PROVIDED DATA:
════════════════════
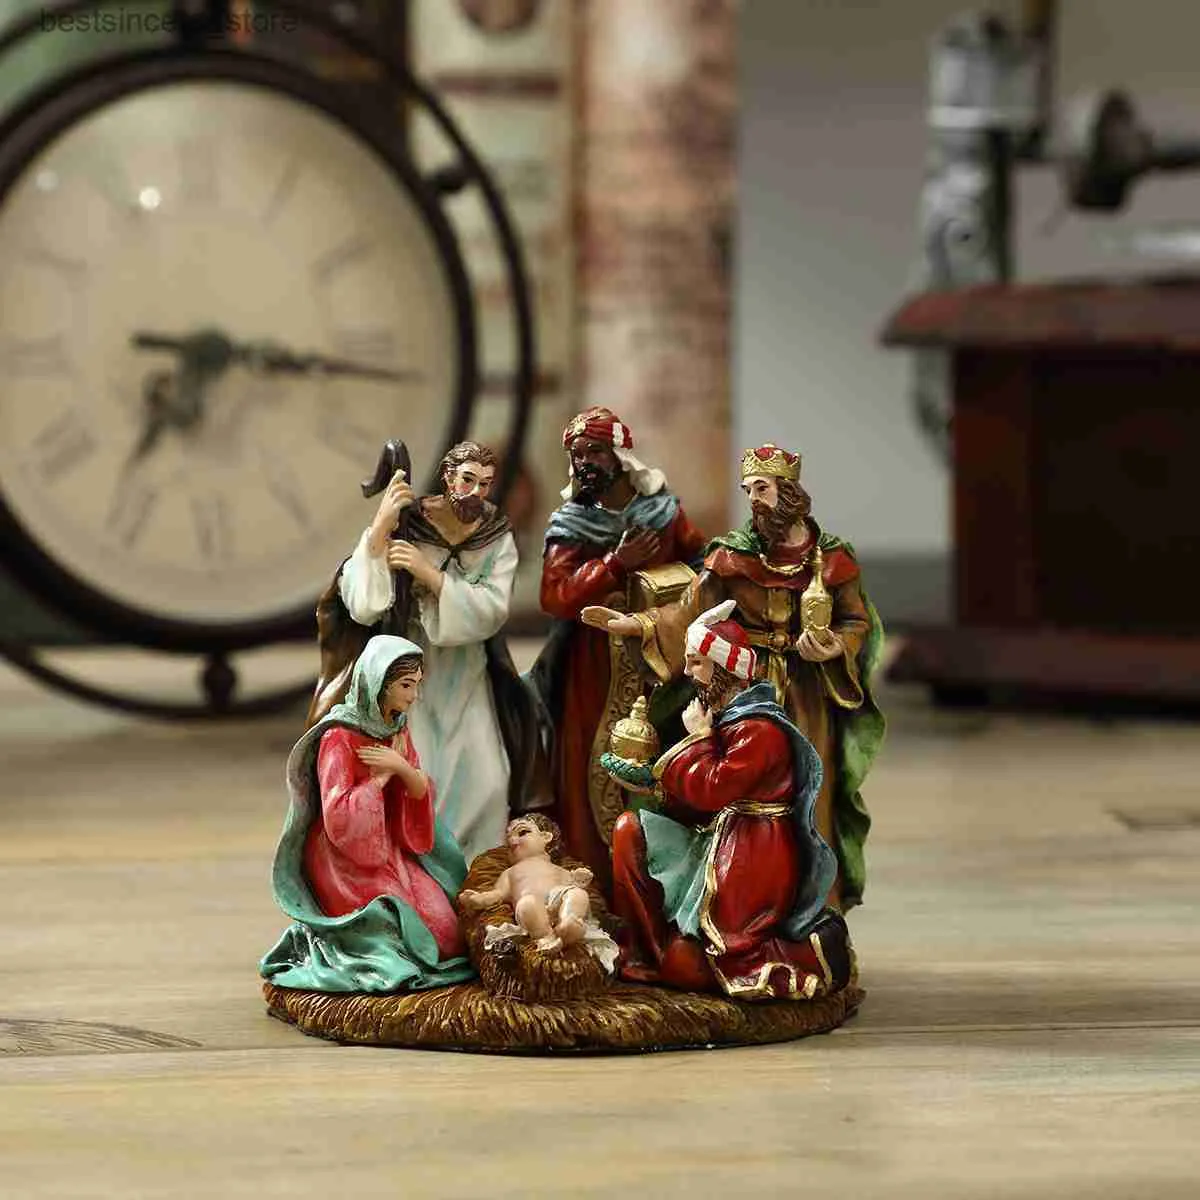 Ensemble de figurines de scène de la Nativité,ensemble de crèche
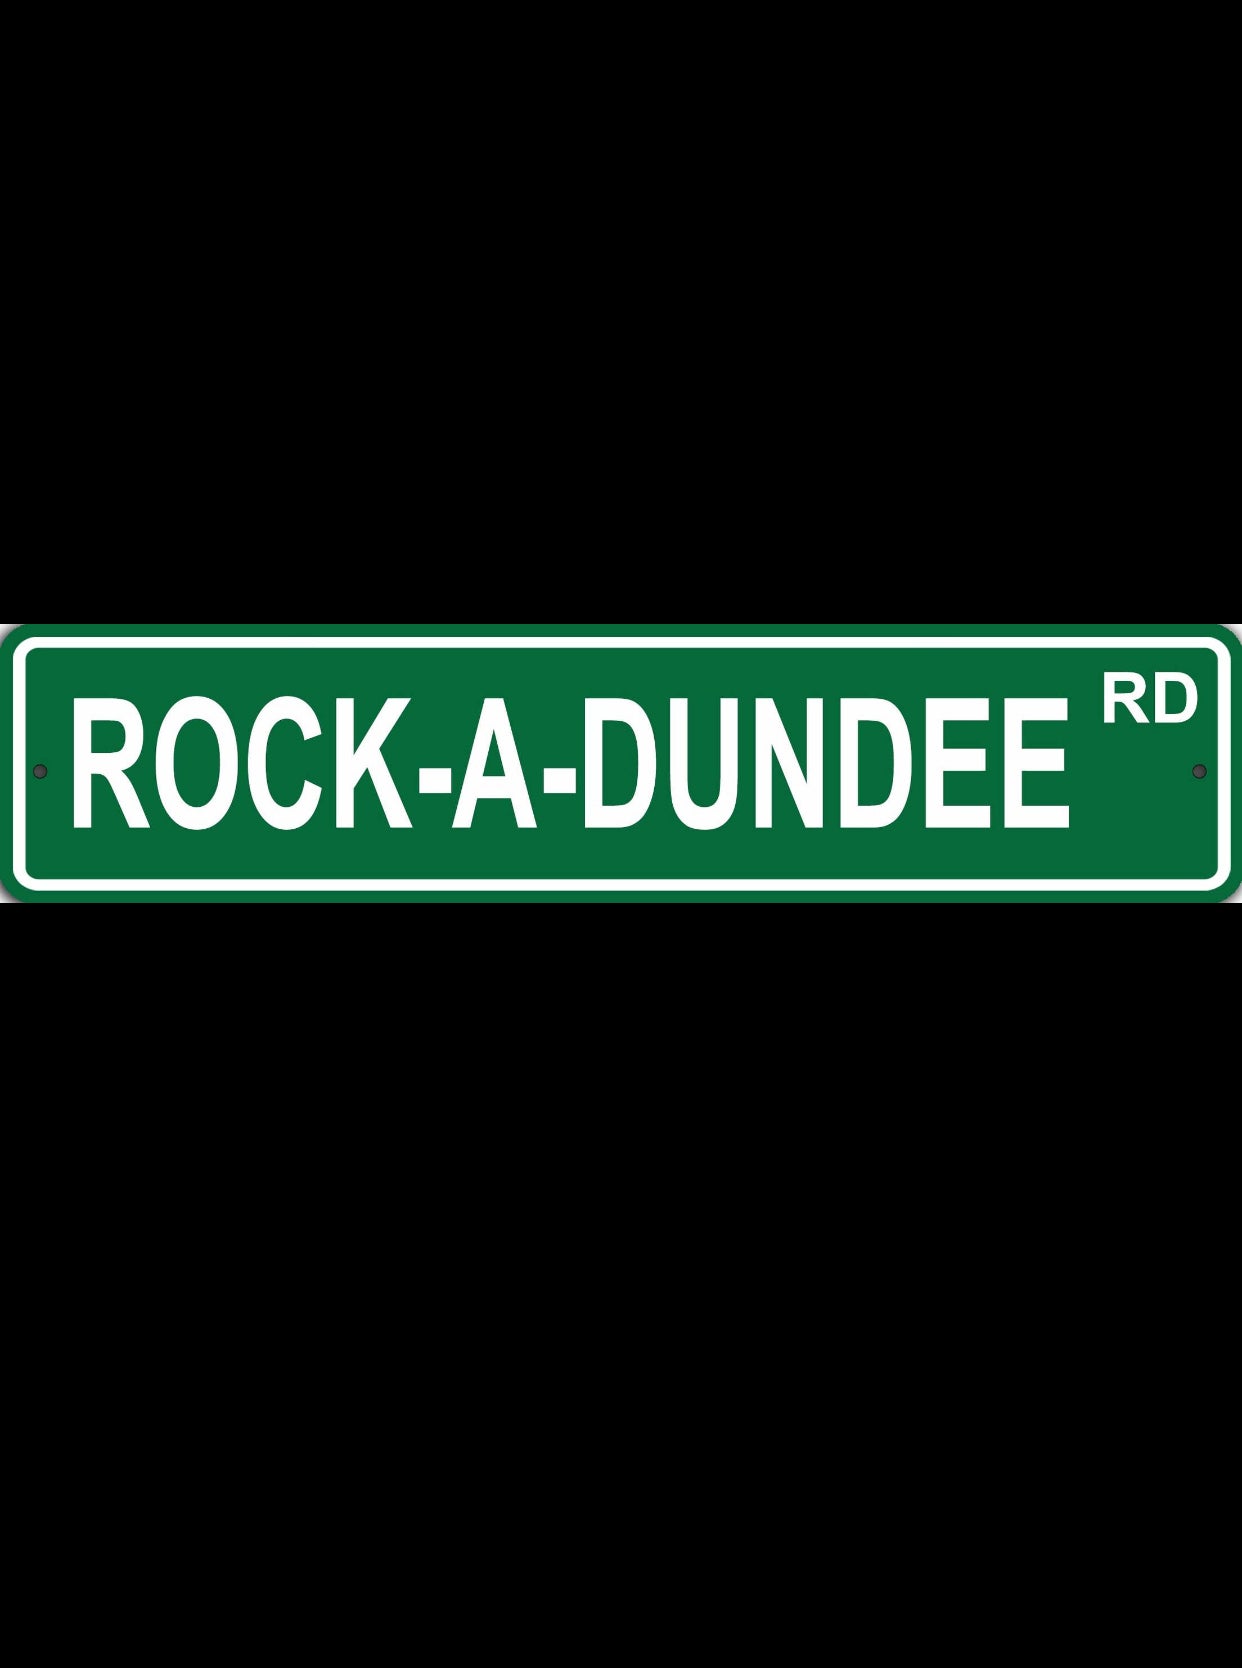 ROCK-A-DUNDEE RD Street Sign
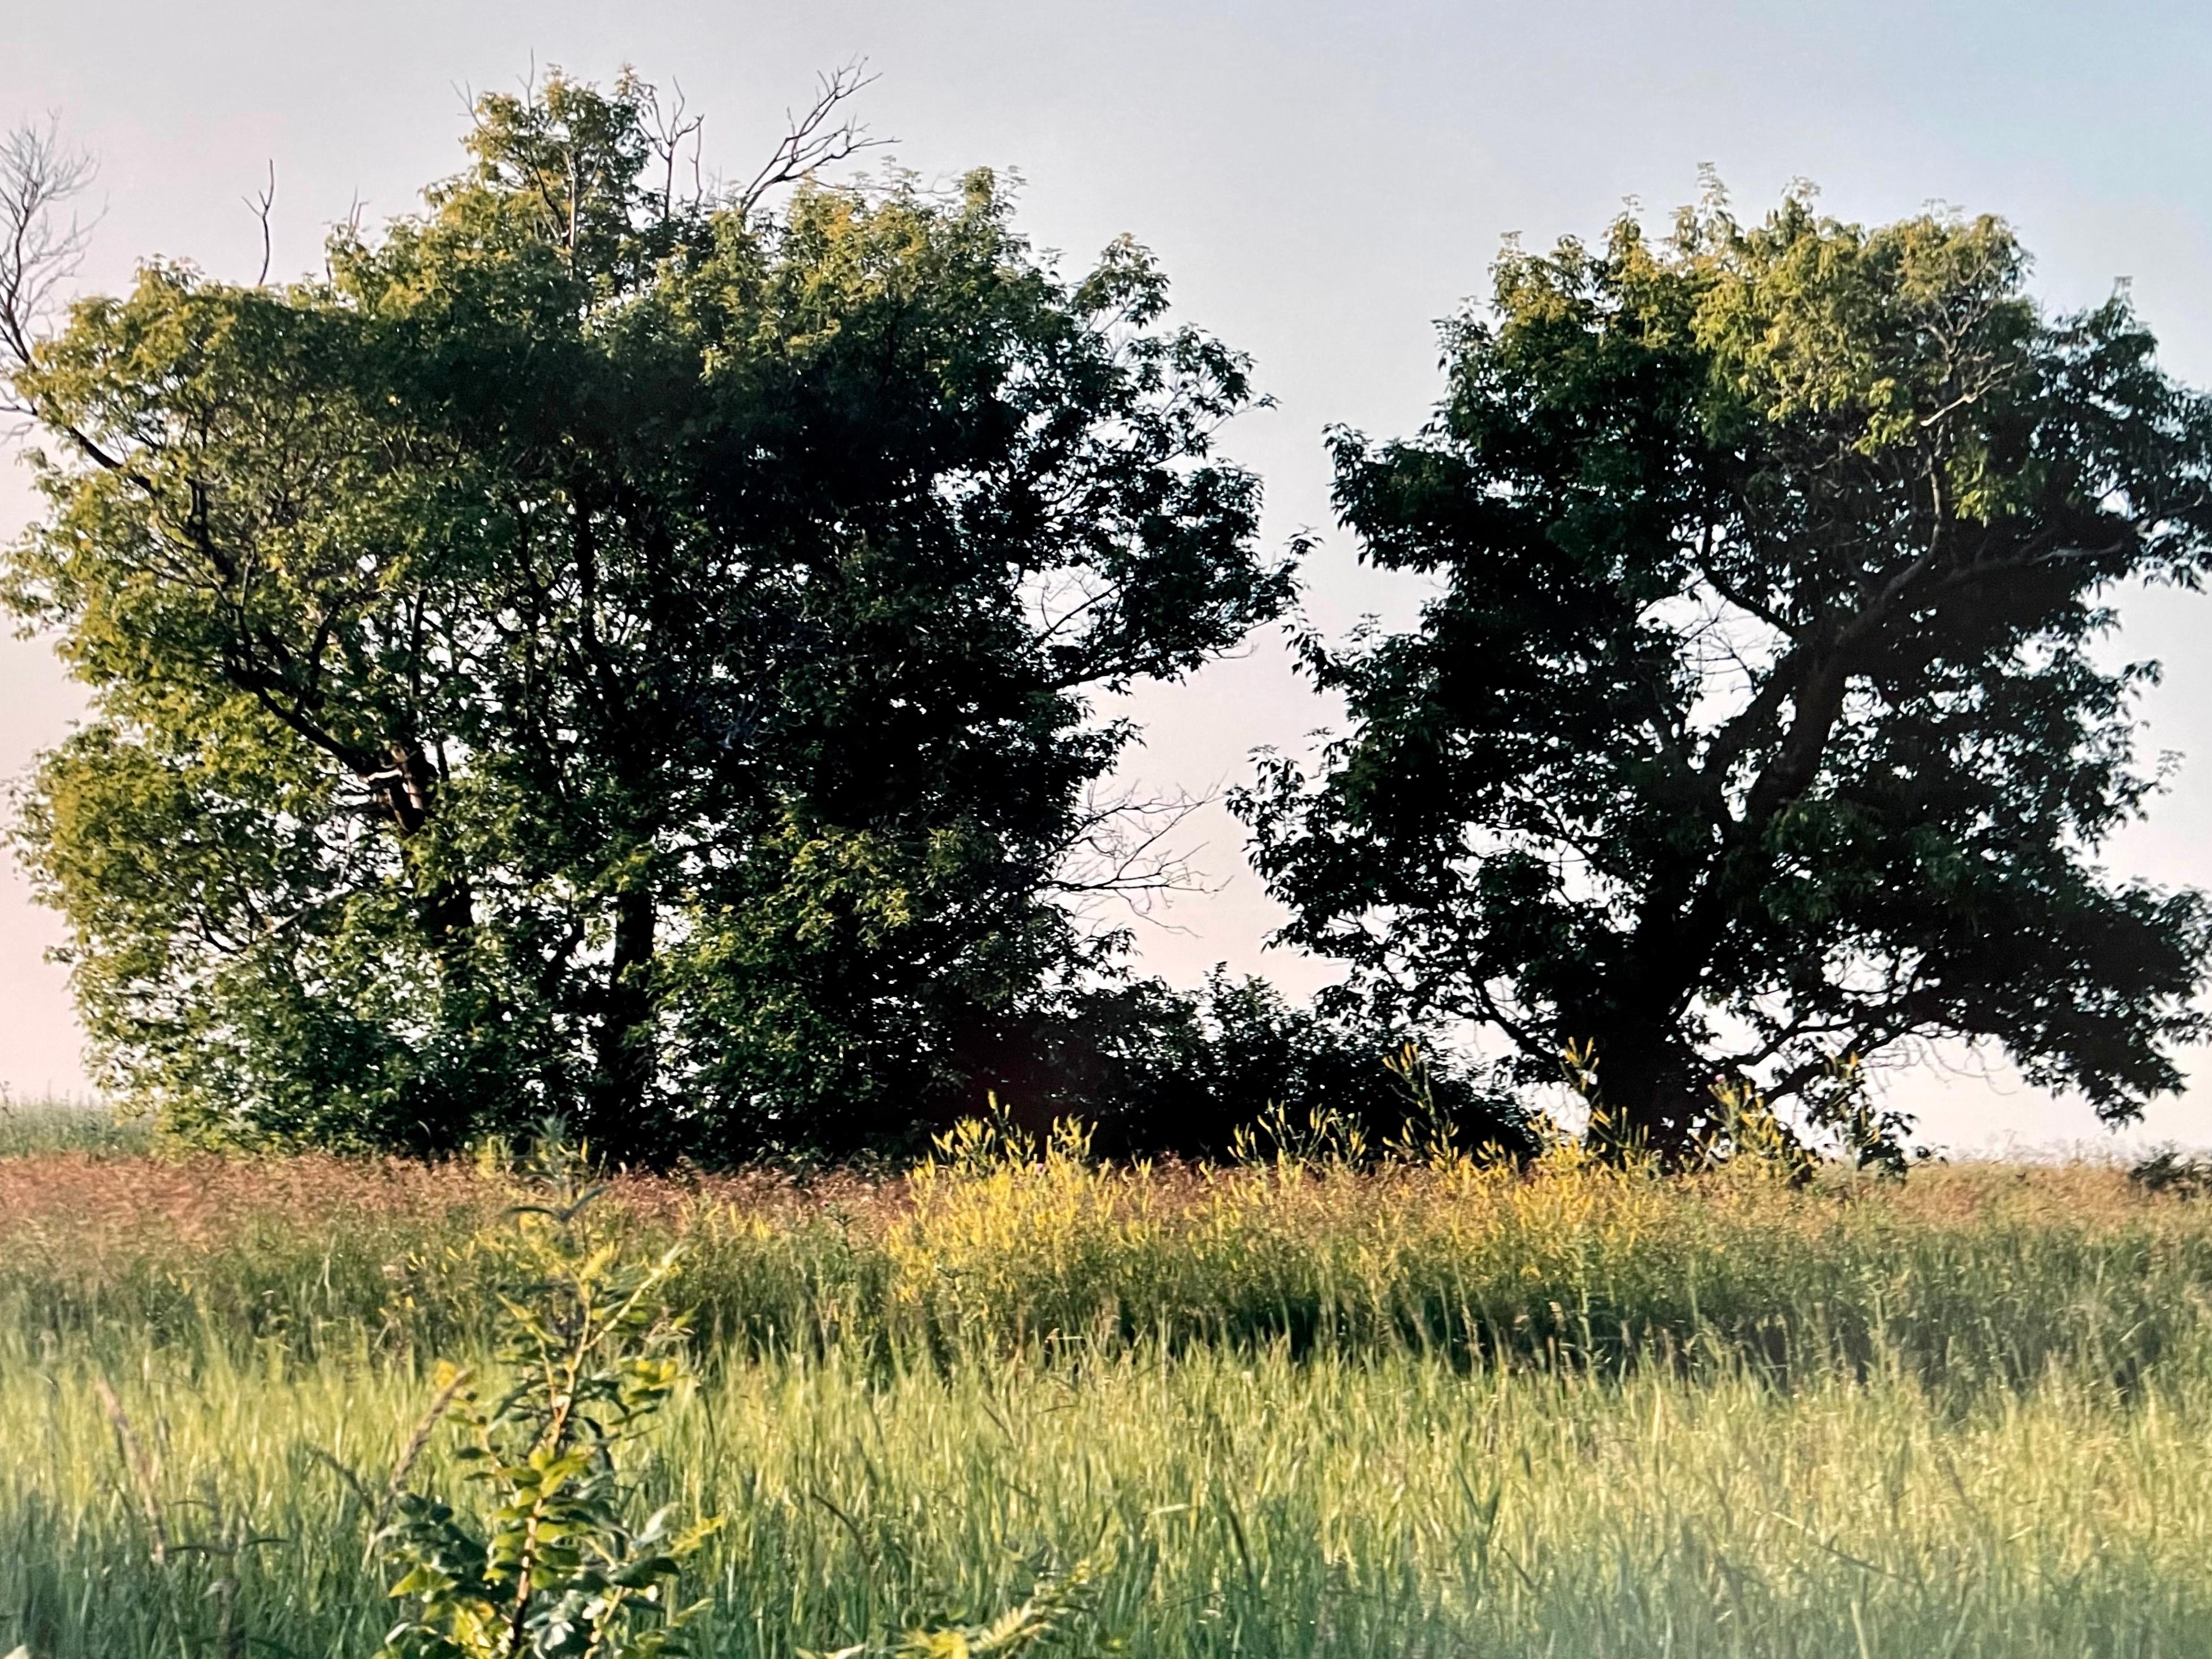 Homestead du canton d'Everts, été 1993
Fabuleuse photographie de paysage américain d'une scène de paysage rural. 
d'une petite édition de 20 exemplaires signés à la main
Tirage chromogène grand format sur papier Kodak Professional
Les feuilles font
════════════════════
From the line holding "Fabuleuse photographie de" through the final line of the data above, copy every line exactly as written. Include nothing else.

RESPONSE BOX:
Fabuleuse photographie de paysage américain d'une scène de paysage rural. 
d'une petite édition de 20 exemplaires signés à la main
Tirage chromogène grand format sur papier Kodak Professional
Les feuilles font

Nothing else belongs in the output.